Morning from Copenhagen,
I spent my Sunday evening in the company of Interpol (the band, not the police, doh!), allowing myself a day off for once after the big announcements we made last week. As a result, Steno Signals was released this Monday morning instead.
The recent repricing of EUR rates versus peers is extremely interesting, as the ECB is suddenly considered the only G3 central bank with a feasible path to 50bp cuts. The pricing is now accumulating to 65bp over the next two meetings, with the market base case shifting towards a 50bp cut in December when the ECB updates its projections.
We’ve been banging the drum on the “room left” to reprice EUR rates towards neutral for a while now and have made decent money on the trade. However, we’re left a little puzzled by the gap that’s opened between EUR and GBP+USD rates in recent weeks, especially from a flow perspective.

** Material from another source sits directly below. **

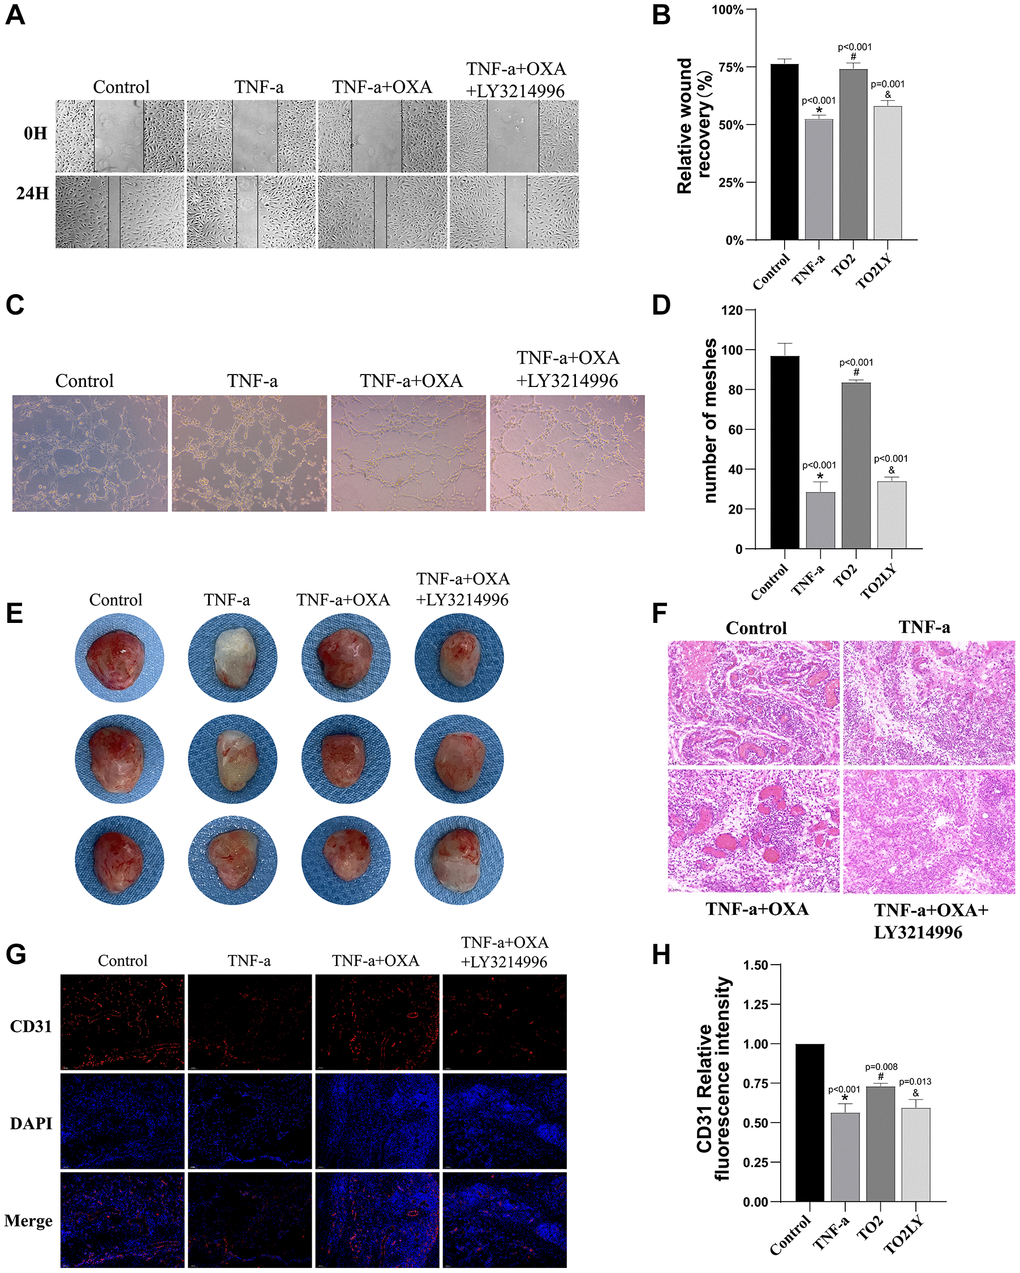 Orexin-A enhanced HUVEC angiogenesis and wound healing through TF-AKT/ERK pathway. (A) Representative images depicting the combined administration of LY3214996 (1 μM) and Orexin-A (0.5 μM) on wound healing effects. (B) The quantification of scratch assay results for each group is shown, measuring the closure of scratch gaps (n = 3). (C) Representative images illustrating the impact of the combined administration of LY3214996 (1 μM) and Orexin-A (0.5 μM) on vascular formation. (D) Displays the quantification of tube formation assay results for each group, calculating the number of formed tubes (n = 3). (E) Representative gross morphology of Matrigel in situ (n = 3). (F) Representative H&E-stained images of matrix plug sections (n =3). (G) Representative immunofluorescence images of CD31-positive cells within matrix plugs. (H) Quantitative analysis of the proportion of CD31-positive cells within matrix plugs (n = 3). Results are expressed as means ± standard deviation, the statistical significance of differences was evaluated by One-way ANOVA, *denotes the comparison between the Sham group and the TBI group, #represents the comparison between the TBI and the Sham-tDCS group, &signifies the comparison between the tDCS group and the Sham-tDCS group, and ¥indicates the comparison between the tDCS group and the tDCS+SB334867 group. P

Flows have clearly turned towards betting on higher USD rates, while CTAs and similar accounts keep receiving EUR rates day in and day out. Is it really feasible for the ECB to move much faster than its peers? It would certainly be out of the ordinary.
One thing I’d like to remind readers of is that markets tend to overestimate the comeback of inflation during October. This has been one of the most stubborn patterns in data over the past 10 years, with markets often caught on the wrong side of soft inflation developments—especially in UK and US data—while it’s LESS obvious in Eurozone data. Perhaps we’ll see a catch-down of market rates in USD and GBP over the next 3-4 weeks as well. We find that increasingly likely (again).
Chart 1a: Hit ratios betting on higher/lower inflation in Germany
We are left with a market pricing that mostly considers 50bp cuts a feasible scenario in the Eurozone, but the ECB is not a 50bp central bank, especially not if its peers aren’t moving that fast.